Zastanów się, przede wszystkim, czego chcesz od roweru. Tradycyjny rower miejski to wyprostowana sylwetka, kanapowe siodło, pełne błotniki, nóżka, przerzutki (często w piaście), osłony itp. Jest więc opancerzony, ale może w nim spokojnie jechać w garniturze lub sukience i nie bać się o czystość garderoby ani godność. Spróbuj jednak wnieść go po schodach albo mocniej przyspieszyć, a spotka Cię srogie rozczarowanie. Te rowery są ciężkie i powolne, ale ich popularność jest zrozumiała. Dodatkowo ich serwis jest wybitnie upierdliwy i czasochłonny ze względu na wszędobylskie osłony i wagę. Miejskie rowery single speed to ich przeciwieństwo – lekkie i zwinne, ale pozbawione wszelkich udogodnień. Wymagają nieco więcej, ale dostarczą mnóstwo frajdy. My wolimy to drugie rozwiązanie, a dla Pań mamy połączeniu obu światów – jedyną w swoim rodzaju lekką damkę.

Napęd single speed

Bez osłon, nóżek i błotników i biegów, za to z całą masą frajdy!

Konwersja kontra nowy single speed

Można kupić gotowego singla albo zrobić własnego. W tym drugim przypadku mamy dwa sposoby.
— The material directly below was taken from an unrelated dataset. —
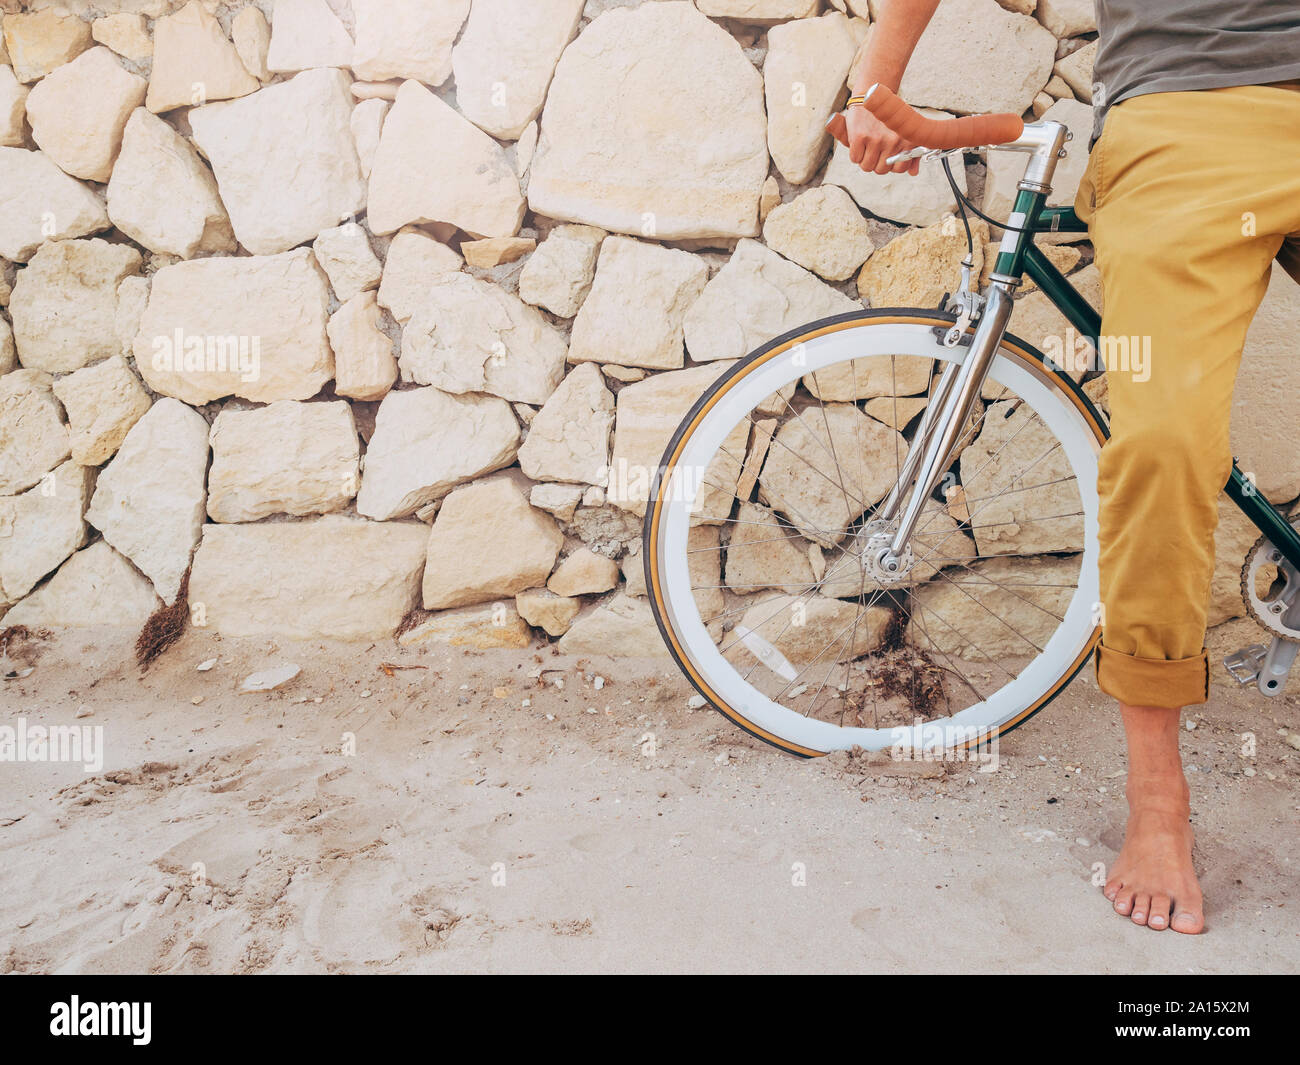 A piedi nudi uomo con Fixie bike davanti al muro di pietra naturale sulla spiaggia, vista parziale Foto Stock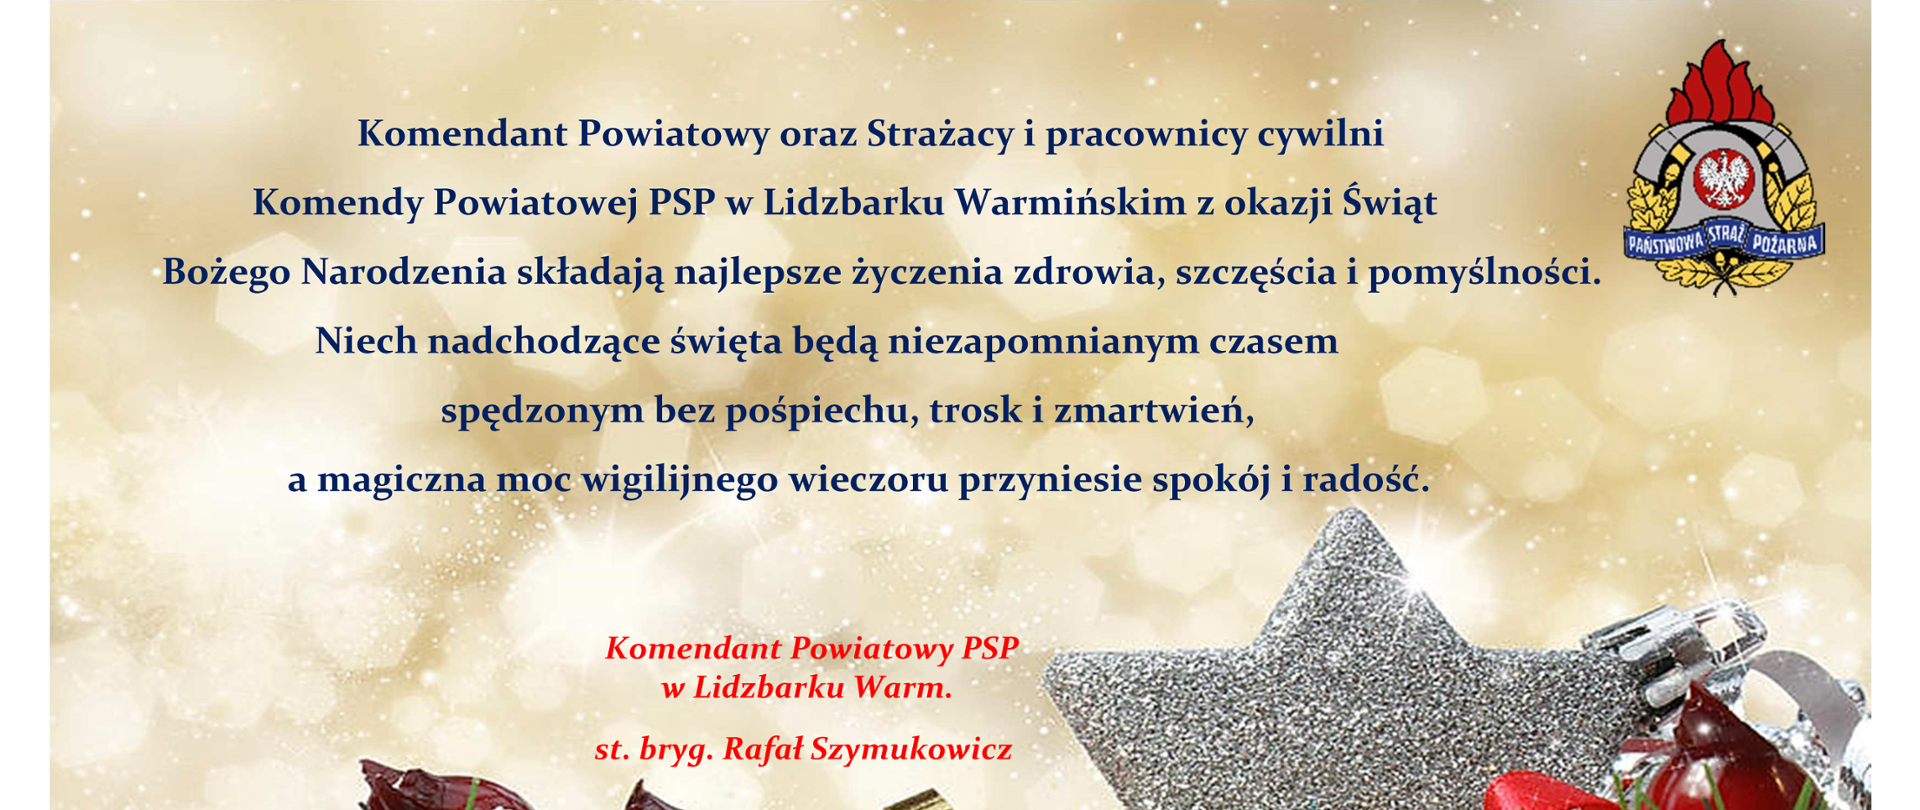 Świąteczne życzenia Komendanta Powiatowego PSP w Lidzbarku Warmińskim

  • Użycie ramy z poziomymi hakami, dzięki którym będzie można napiąć łańcuch ustawiając odpowiednio koło. Najlepiej nadadzą się stare szosowe ramy, ewentualnie miejskie. Trzeba jedynie pamiętać, aby dobrać odpowiednią szerokość piasty do rozstawu widełek.
  • Drugi sposób to napinacz. Wygląda jak pantograf i budową jest bardzo zbliżony do przerzutki, w której miejsce się go montuje. Zapobiega spadaniu łańcucha i umożliwia konwersję w każdej ramie z pionowymi hakami.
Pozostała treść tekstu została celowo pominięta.